Thorburn had ruffled shareholders by planning two months of leave on either side of the Royal Commission’s delivery of its final report, which was hotly anticipated as a watershed moment for the country’s banking industry.
After the report went public on Monday, Thorburn cancelled the rest of his leave. While he released a statement disagreeing with the report’s criticism of his attitude, he told local media on Tuesday that he was not sure he would last the week.
“I acknowledge that the bank has sustained damage as a result of its past practices and comments in the Royal Commission’s final report about them,” Thorburn said in a statement issued by NAB yesterday.
“I have always sought to act in the best interests of the bank and customers and I know that I have always acted with integrity, however I recognise there is a desire for change.”
Thorburn, who joined as NAB’s head of retail banking in 2005 and became chief executive in August 2014, will leave on February 28. Henry, a former central banker and adviser to the prime minister, will stay on as chairperson until the lender hires a new chief executive.
NAB said board member Phil Chronican, a former executive at larger rival Westpac Banking Corporation, will be interim chief executive.
Analysts see NAB’s chief customer officer Mike Baird, a former premier of New South Wales state, as a likely successor.
Thorburn and Henry join the chief executive and chairperson of the country’s biggest financial planner, AMP Ltd, who quit before the commission ended over criticism of the firm’s handling of charging customers fees without providing a service.
The NAB bosses were also questioned about “fees for no service” during the Royal Commission.
Thorburn and Henry have been specifically called out for their intransigence in the final report issued by the retired judge who ran the inquiry, Kenneth Hayne.
“Having heard from both the chief executive, Mr Thorburn, and the chairperson, Dr Henry, I am not as confident as I would wish to be that the lessons of the past have been learned,” Hayne wrote.
“I was not persuaded that NAB is willing to accept the necessary responsibility for deciding, for itself, what is the right thing to do, and then having its staff act accordingly.”
The NAB chiefs faced shareholder anger late last year when investors voted a record 88.1 percent against NAB’s executive bonuses, versus the required 25 percent threshold.
The inquiry has recommended that 24 misconduct cases from across the sector be referred for possible prosecution without giving details on the companies.
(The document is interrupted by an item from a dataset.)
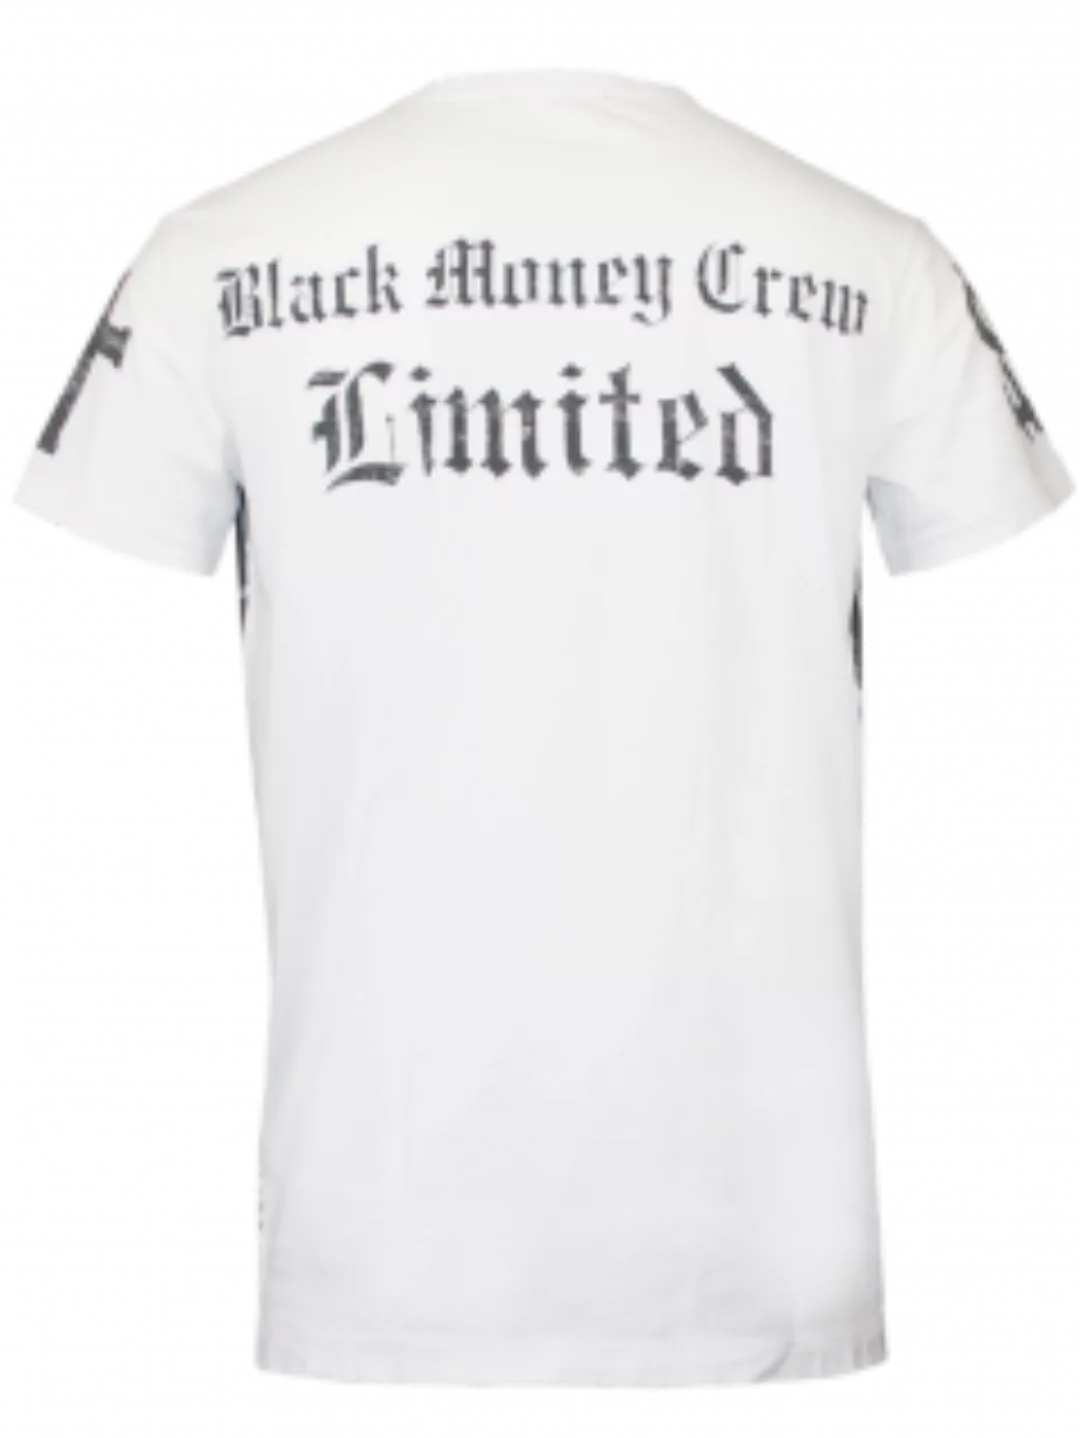 Black Money Crew Herren Shirt Money Maker (L) (wei) günstig online kaufen
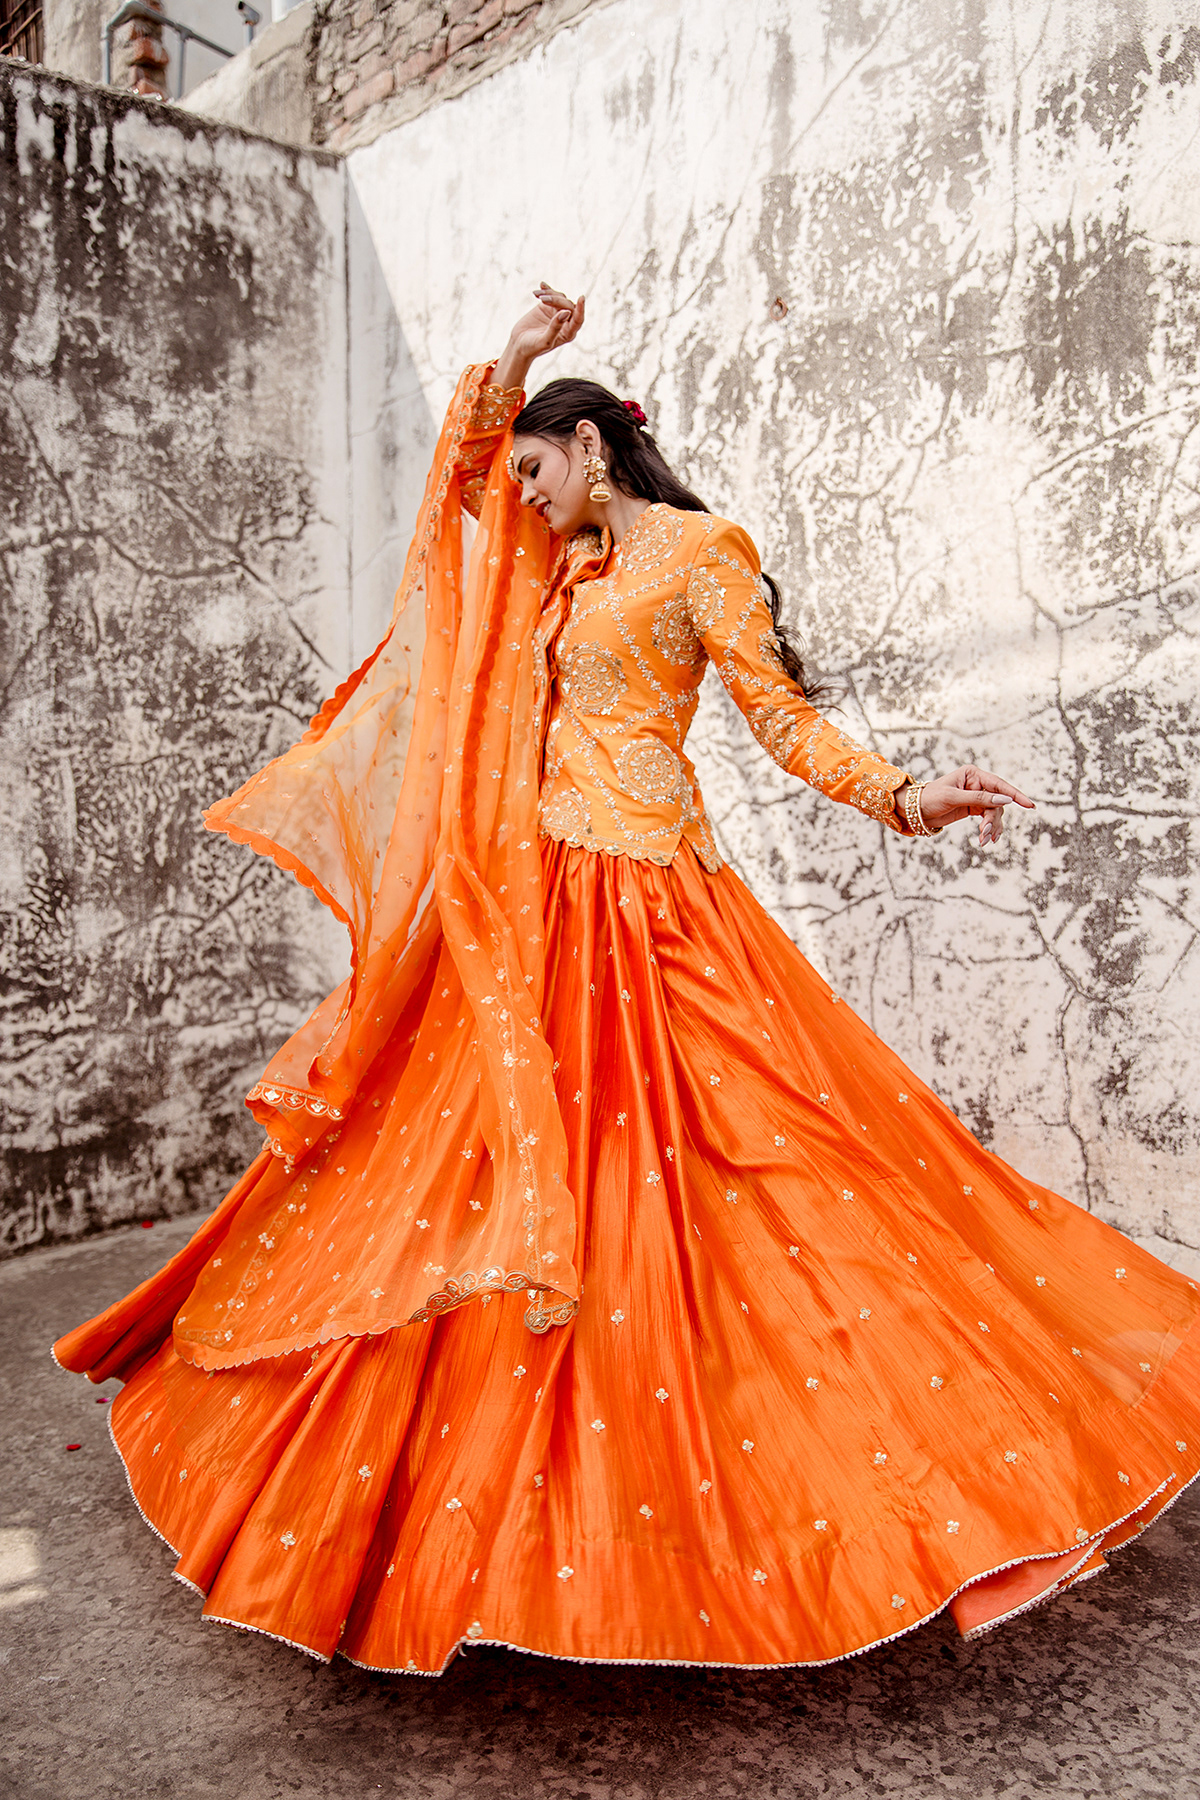 styling  Fashion  Indianfashion fashionphotography photoshoot editorial magazine Advertising  IndianStyling lehengastyling

Analysts expect companies that charged fees for no service to be included.
“Until now the Royal Commission recommendations had looked disproportionately small compared to the drama and the exposés and the condemnations of the hearings,” said Allan Fels, former chairperson of the Australian Competition and Consumer Commission. But this starts to show… the commission is making a difference,” Fels added, referring to the departures at NAB.
NAB also reported a tough first quarter yesterday.